DATA BLOCK:

####################

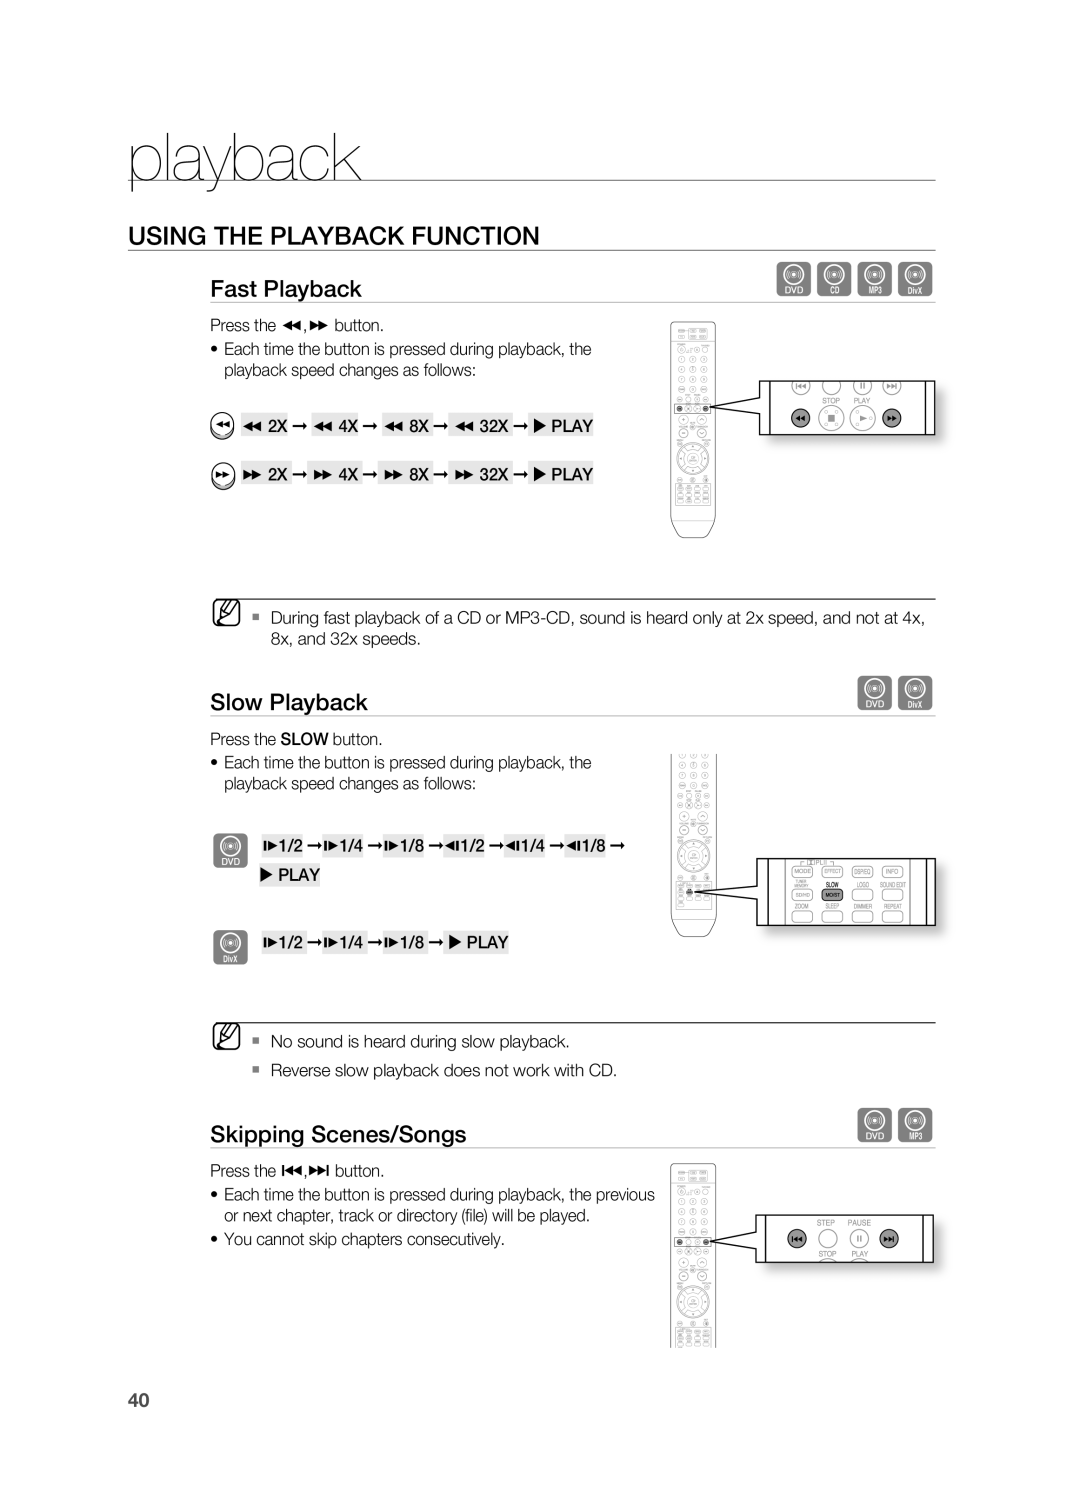 Samsung HT-TWZ315 manual dBAD, Slow Playback, Skipping Scenes/Songs, playback, USinG tHE PLAyBACK fUnCtiOn, fast Playback 
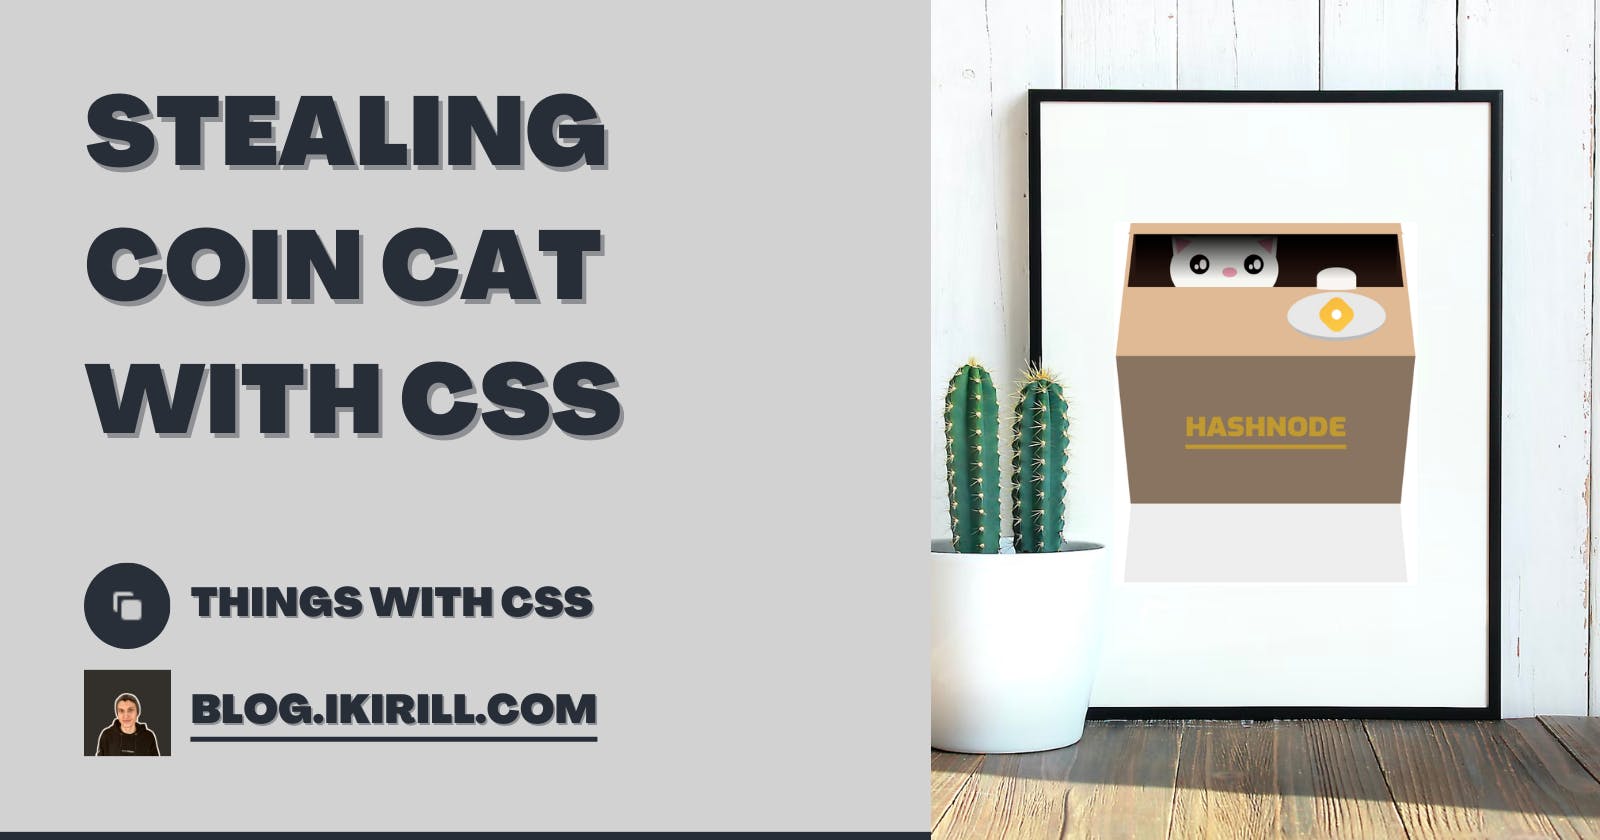 Stealing Coin Cat with CSS
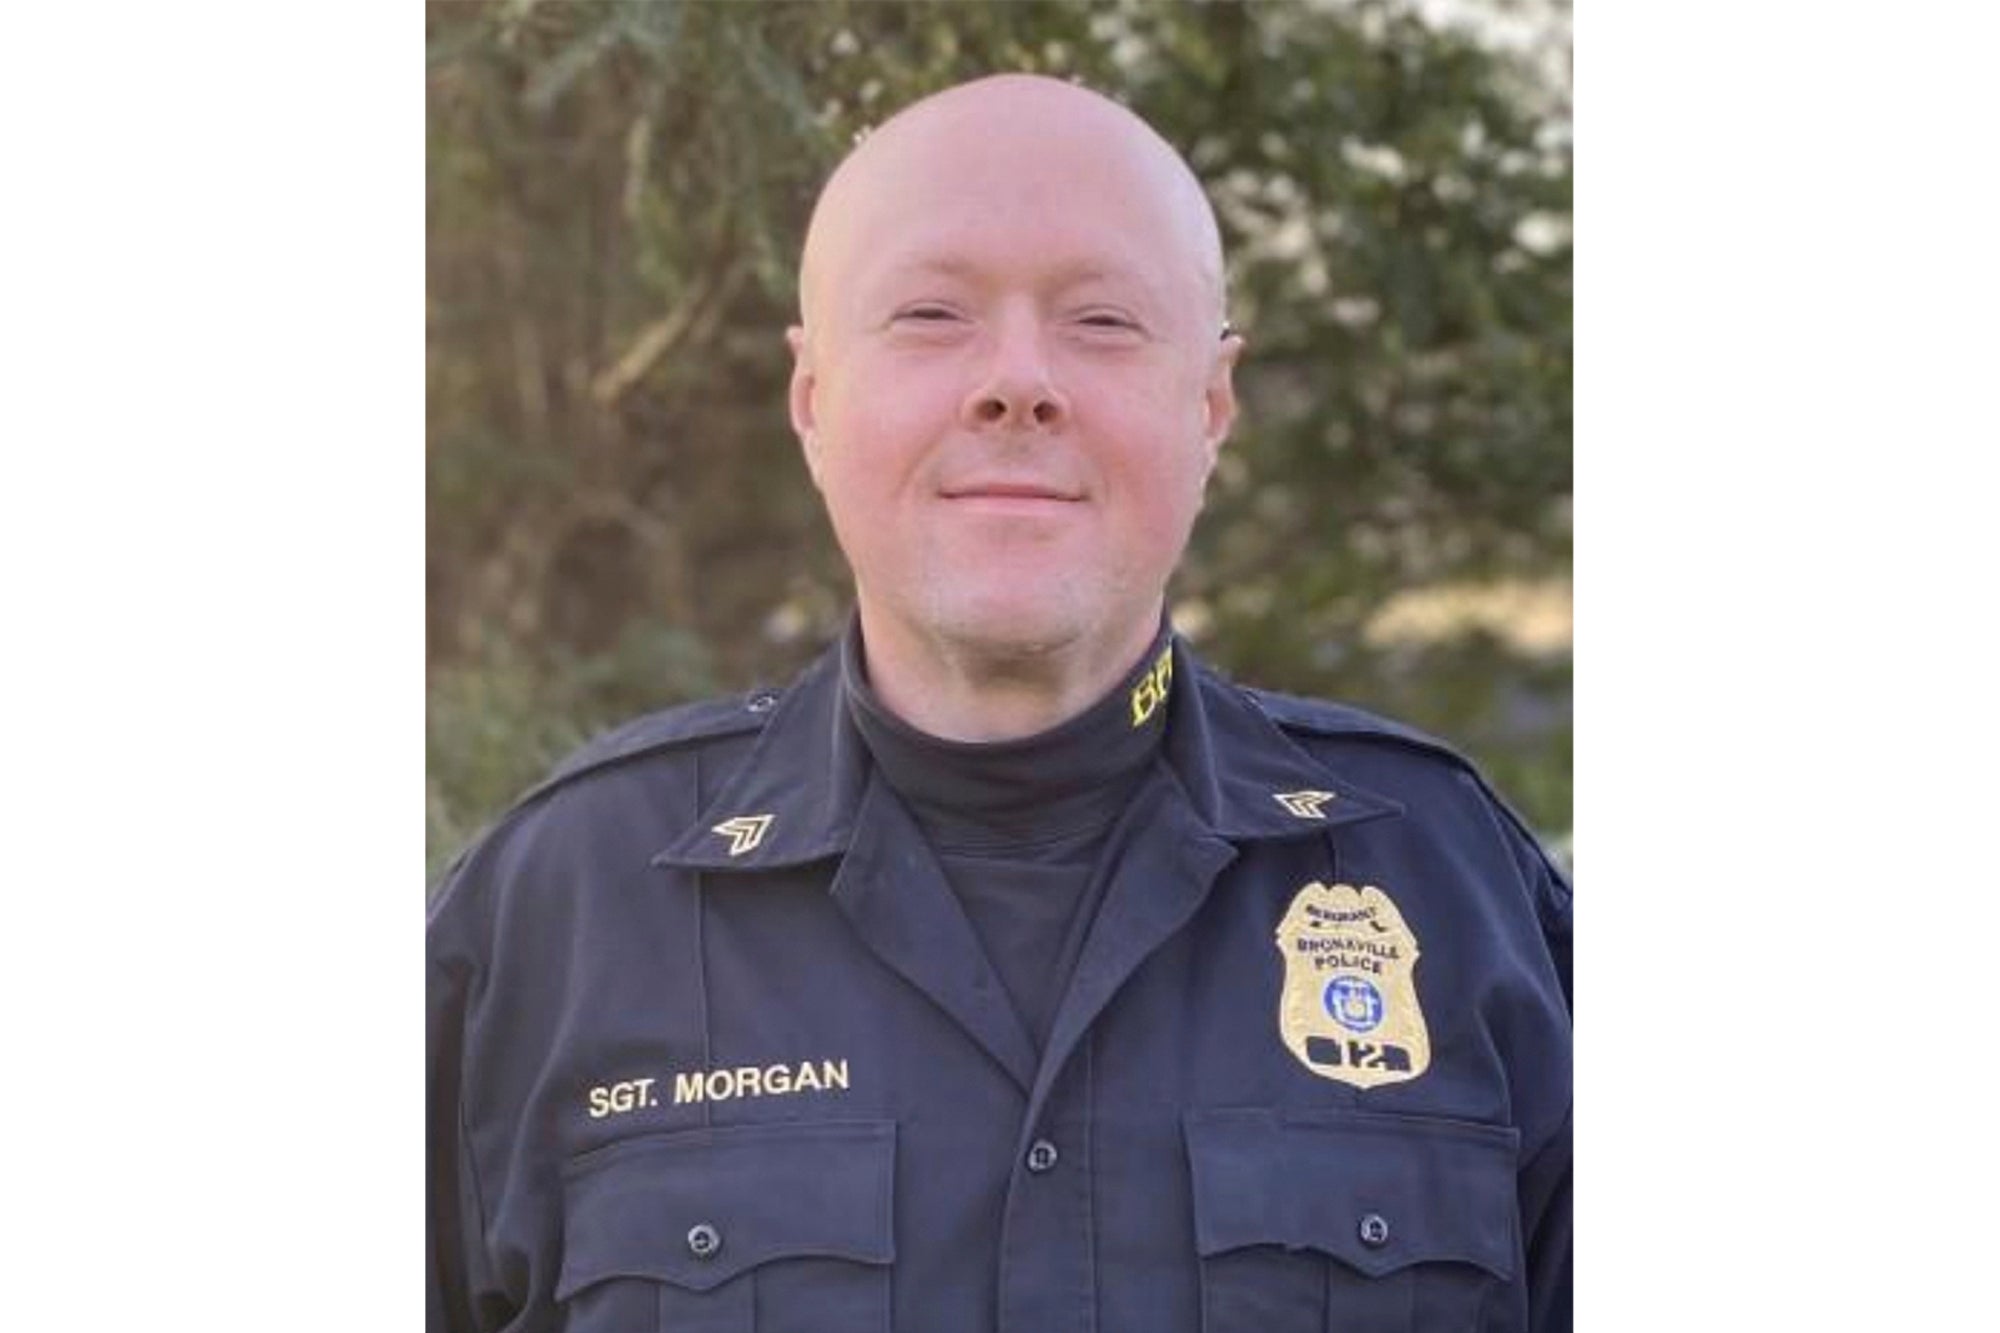 Bronxville Police Department Sergeant Watson Morgan, his wife Ornella Morgan and their two children, aged 10 and 12, were found dead in an apparent murder-suicide
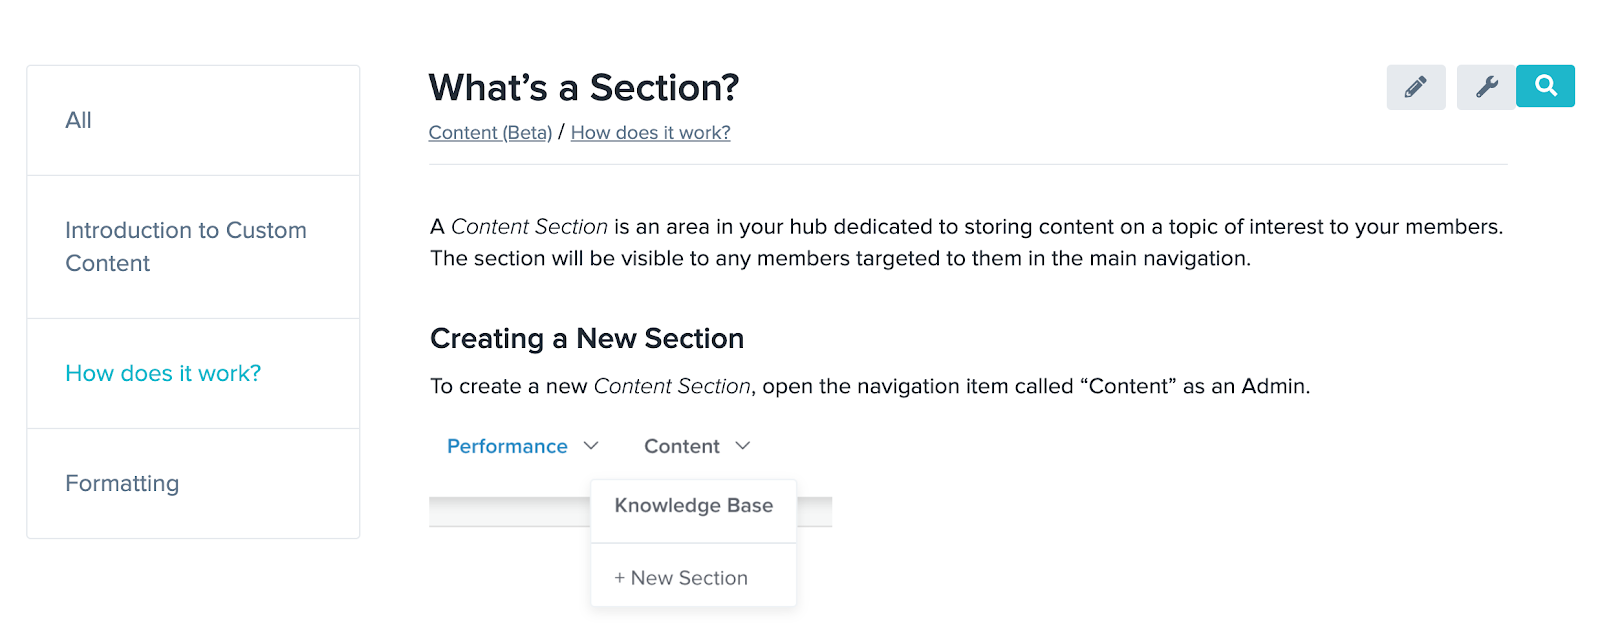 This is an example of a knowledge base page using the new Custom Content

####################

ASSIGNMENT: Within the listing above, find the line containing "Stealing Coin Cat with CSS" and the line containing "Bronxville Police Department". Transcribe them and everything between them exactly, leaving out the pictures.

SOLVED PROBLEM:
 Stealing Coin Cat with CSS
 Bronxville Police Department Sergeant Watson Morgan, his wife Ornella Morgan and their two children, aged 10 and 12, were found dead in an apparent murder-suicide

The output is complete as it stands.